● Records for the task
........
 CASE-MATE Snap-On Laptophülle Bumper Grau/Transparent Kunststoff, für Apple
........
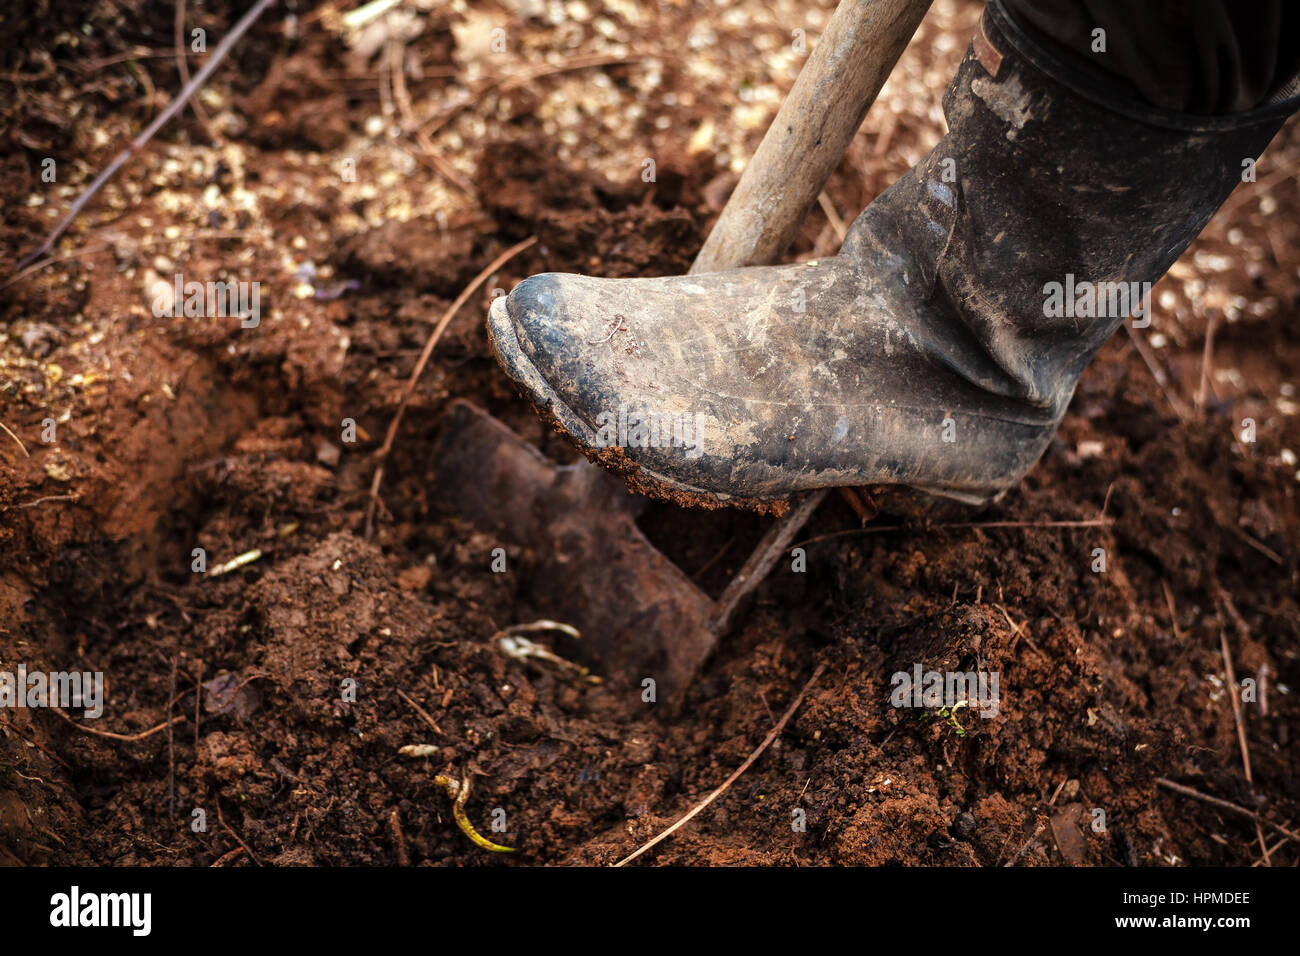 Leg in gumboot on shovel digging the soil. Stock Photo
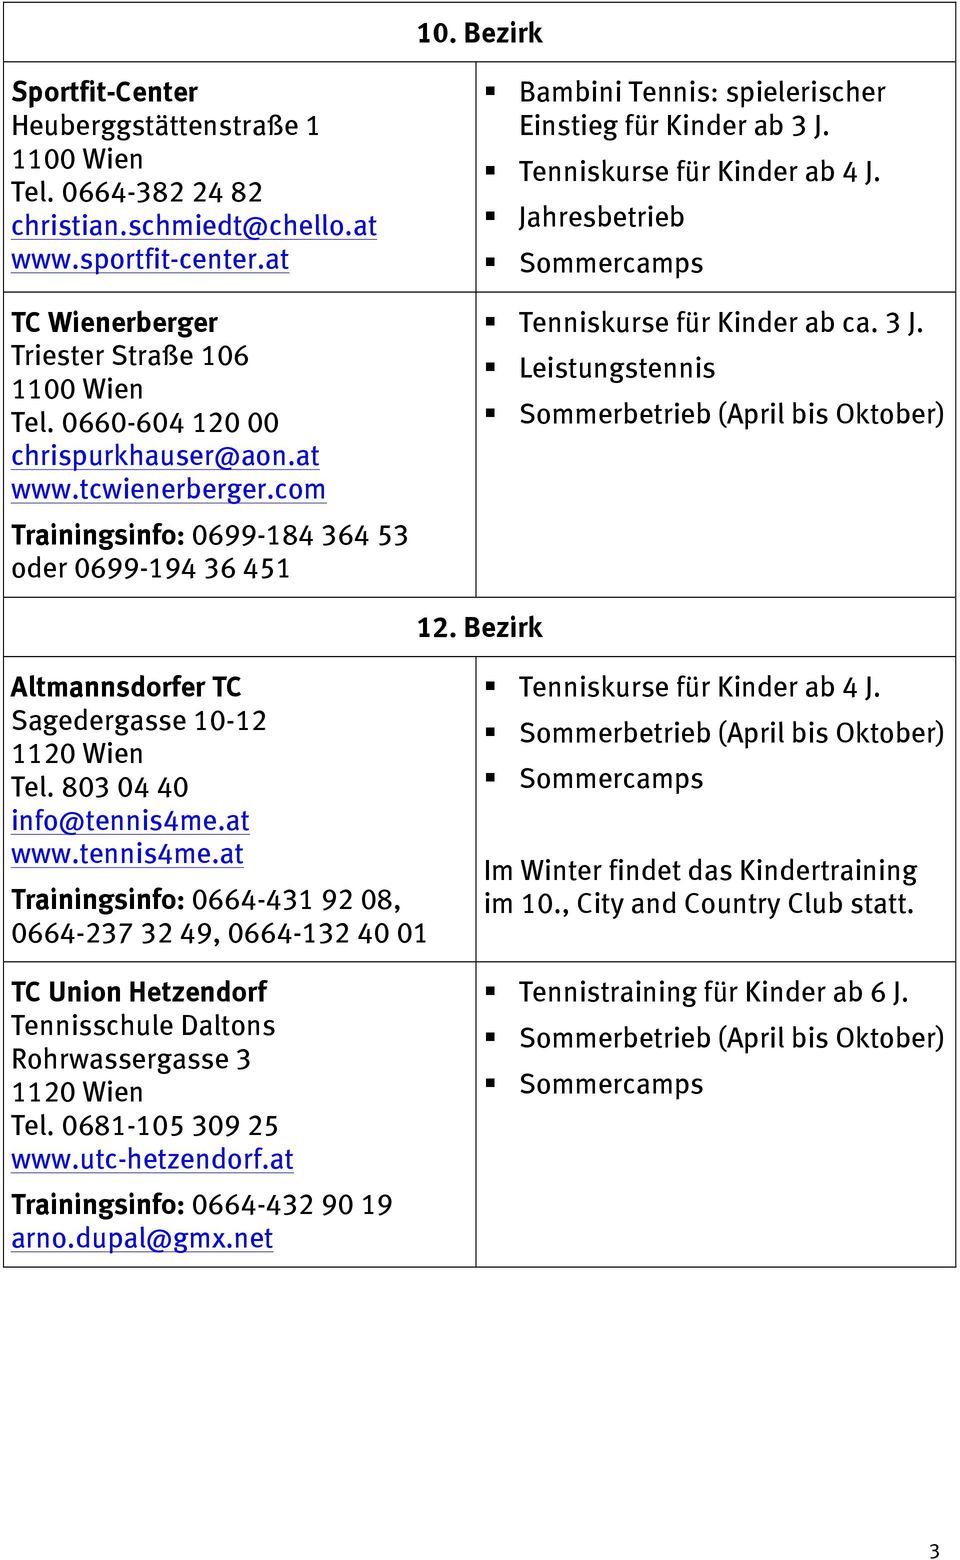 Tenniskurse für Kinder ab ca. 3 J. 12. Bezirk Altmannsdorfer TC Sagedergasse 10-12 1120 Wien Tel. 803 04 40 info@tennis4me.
........
● Work instruction
Working from the entries above, reproduce exactly and only the lines beginning with the line that has "Leg in gumboot" and ending with the line that has "Tenniskurse für Kinder"; omit all pictures.

● Task result
 Leg in gumboot on shovel digging the soil. Stock Photo
 Tenniskurse für Kinder ab ca. 3 J. 12. Bezirk Altmannsdorfer TC Sagedergasse 10-12 1120 Wien Tel. 803 04 40 info@tennis4me.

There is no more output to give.